## ACTION ITEM:
Write out the data word for word and omit every picture.

## EXCERPTED DATA:
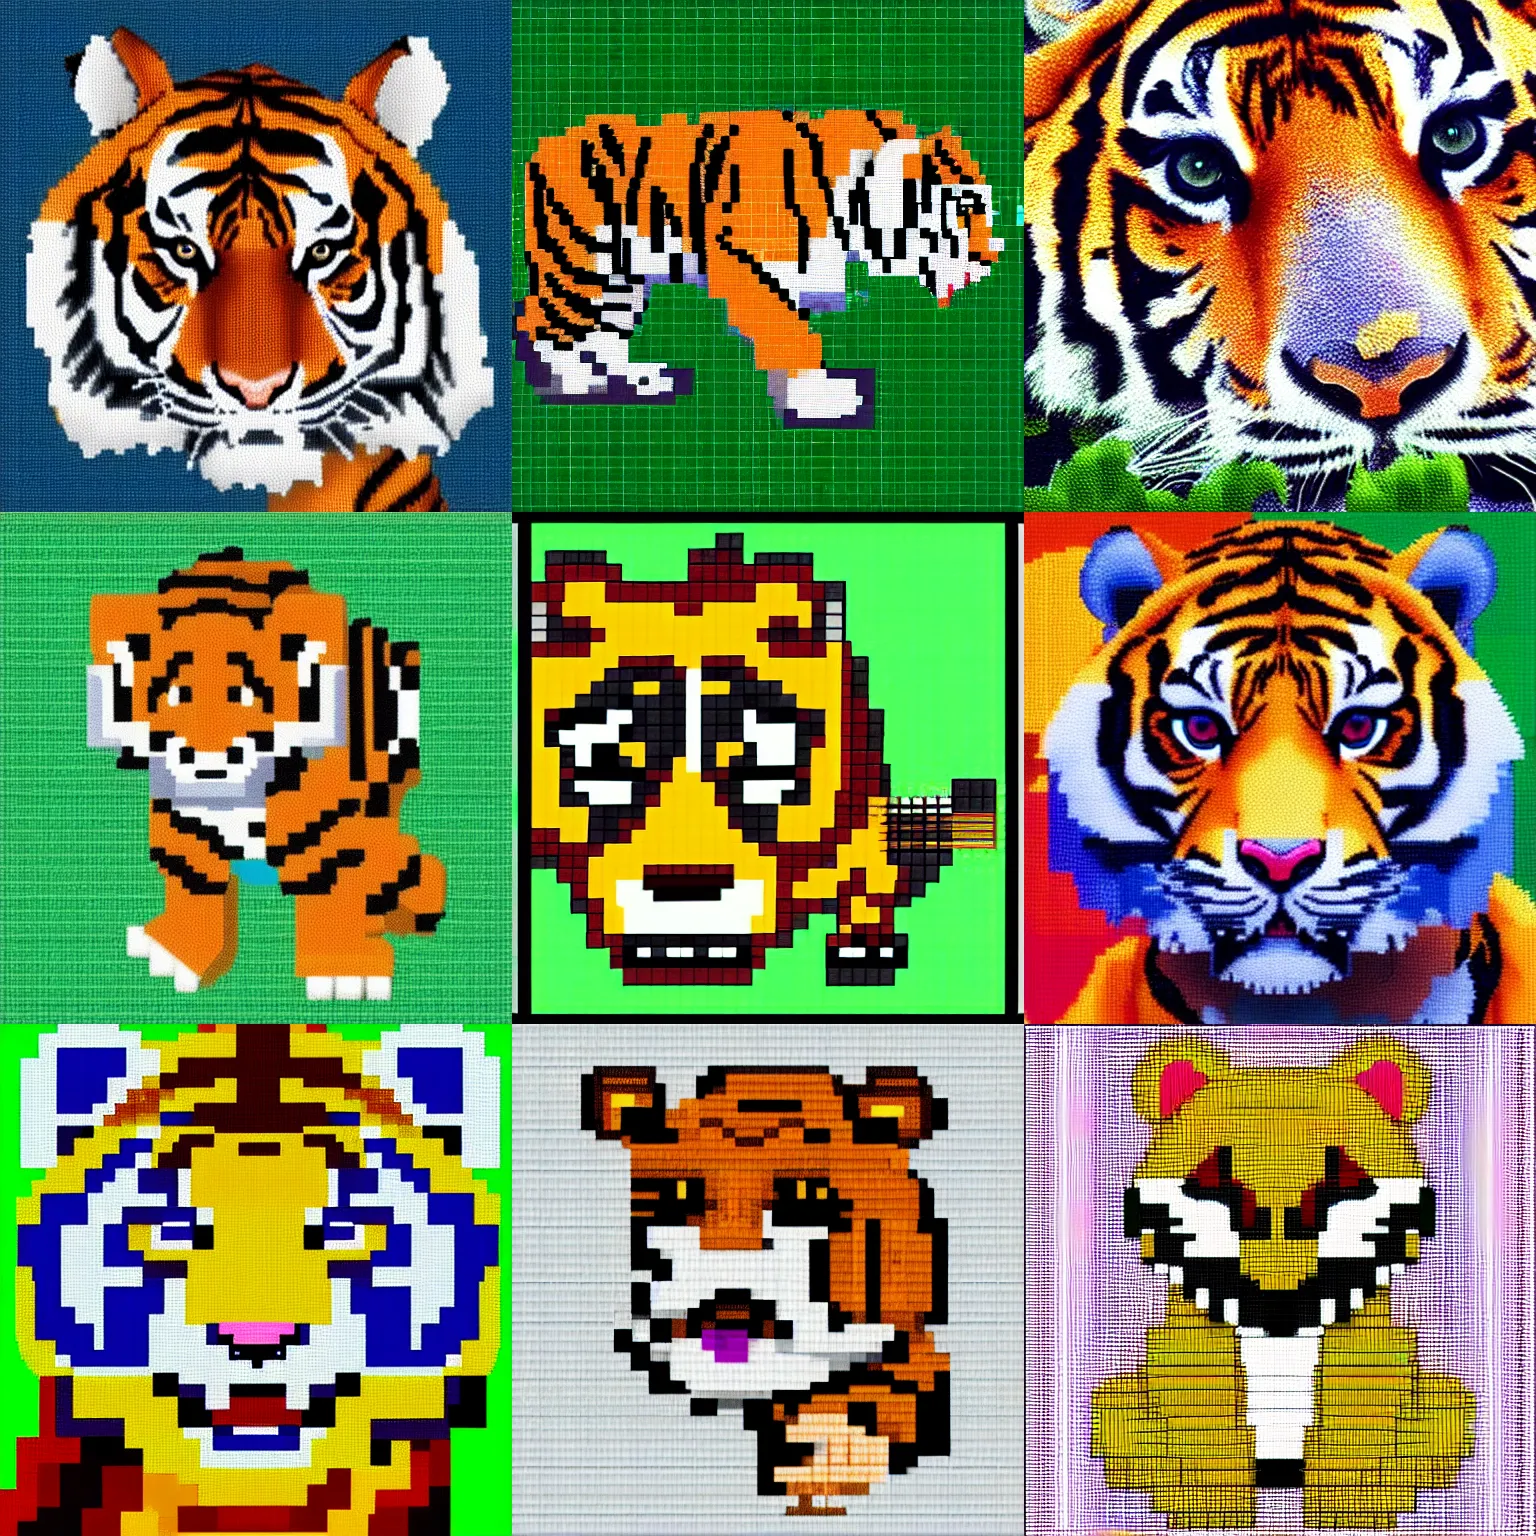 Prompt: a cute tiger, 3 2 bits pixel art
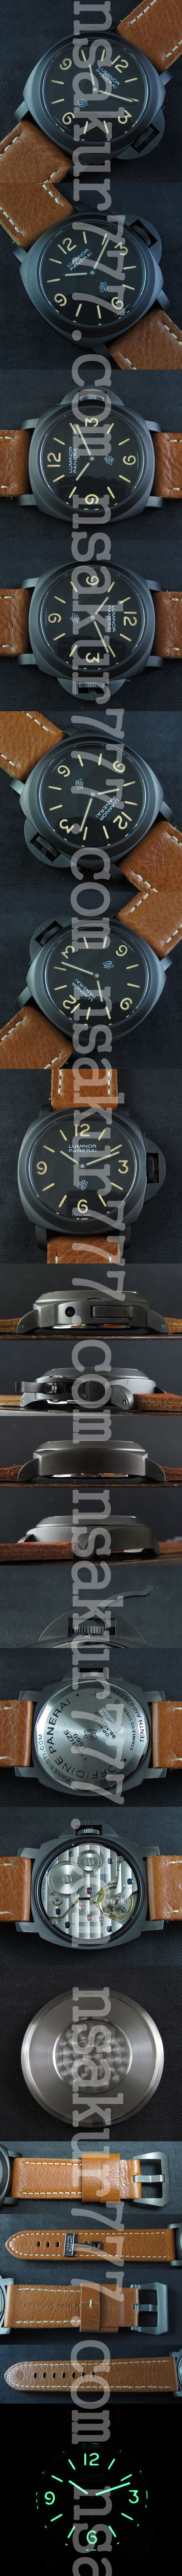 スーパーコピー メンズ腕時計 パネライ ルミノール PAM00360 Asian Unitas 6497搭載 スーパールミナンス(夜光)
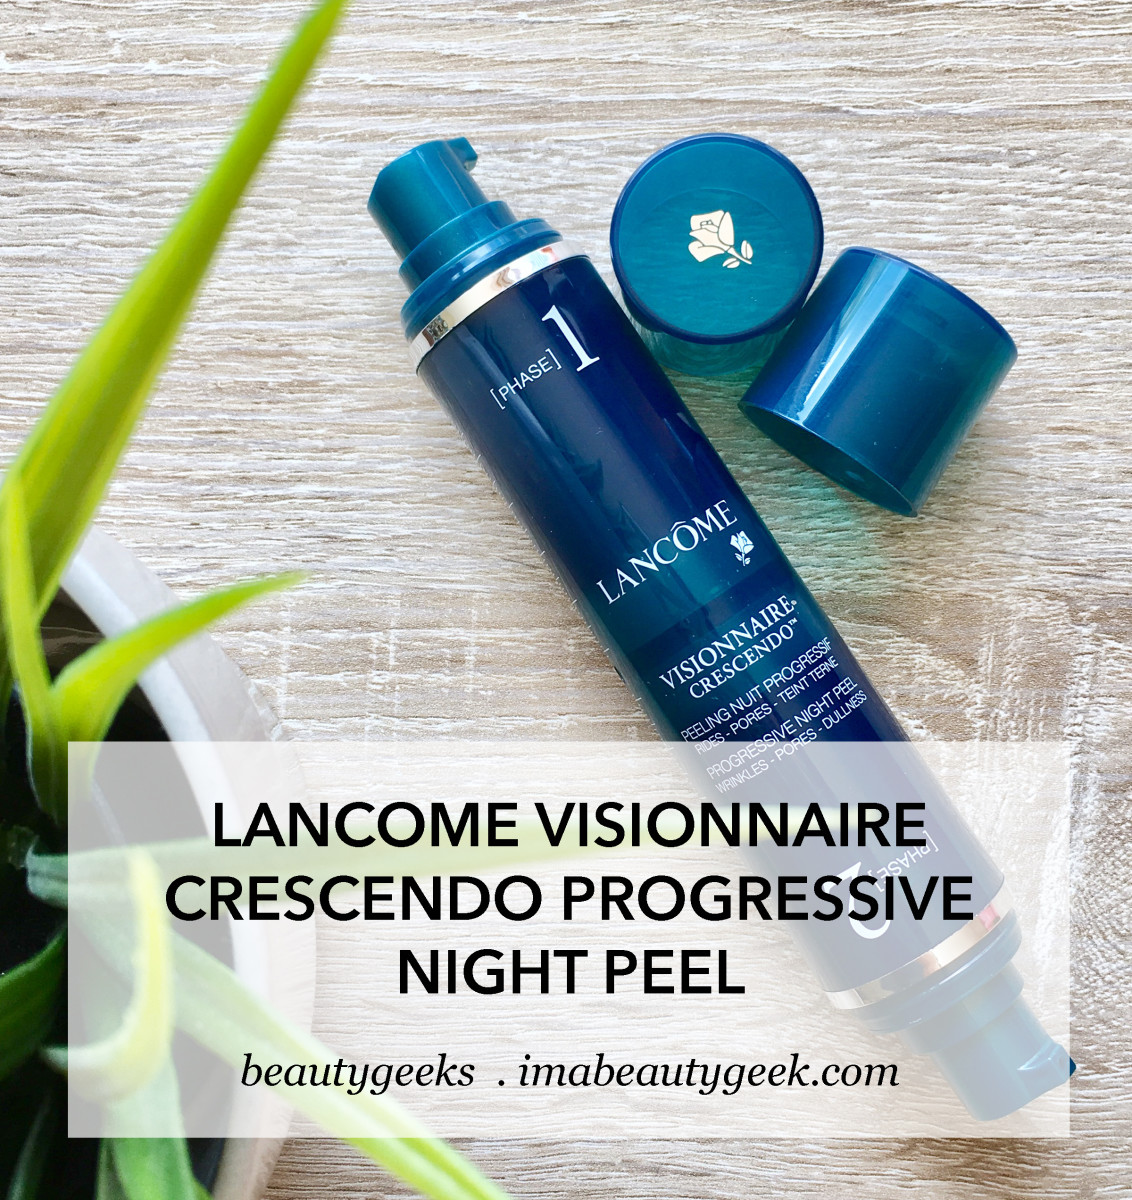 Lancome Visionnaire Crescendo Progressive Night Peel treatment
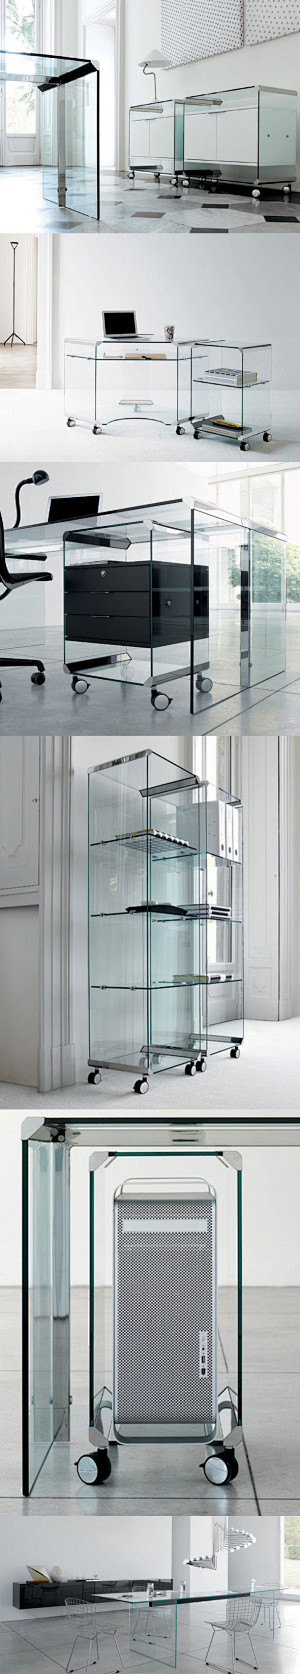 G&R玻璃家具设计
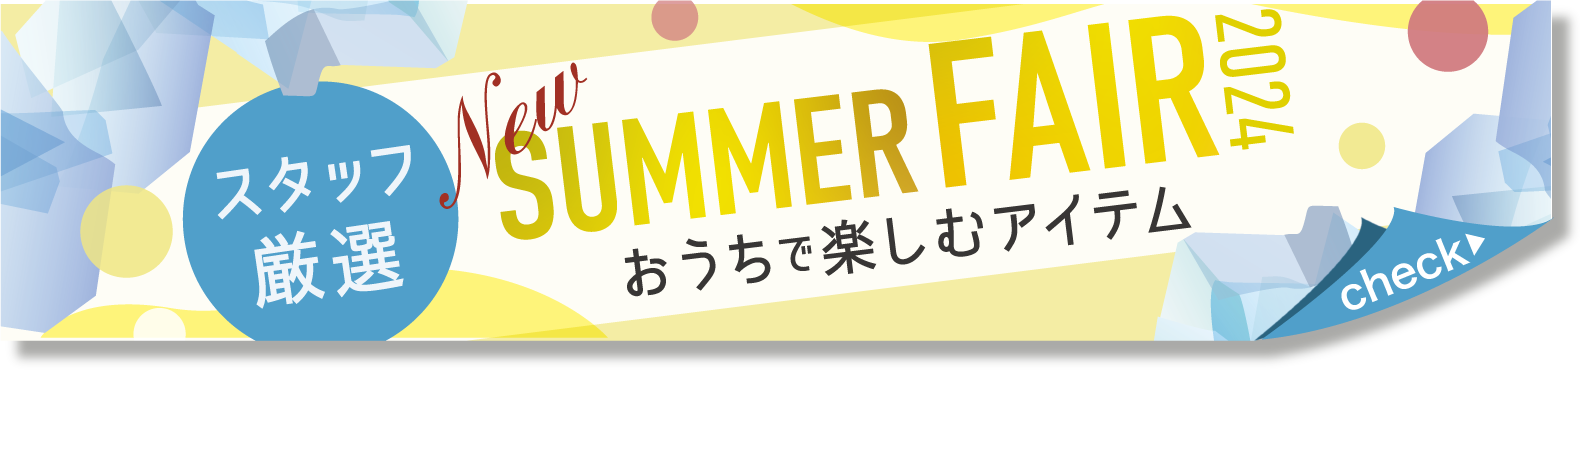 (日本語) SUMMER-FAIR_pickup

## RESULT FOR THIS TASK:
 Prompt: a cute tiger, 3 2 bits pixel art
 スーパーコピー メンズ腕時計 パネライ ルミノール PAM00360 Asian Unitas 6497搭載 スーパールミナンス(夜光)
 Lancome Visionnaire Crescendo Progressive Night Peel treatment
 G&R玻璃家具设计
 (日本語) SUMMER-FAIR_pickup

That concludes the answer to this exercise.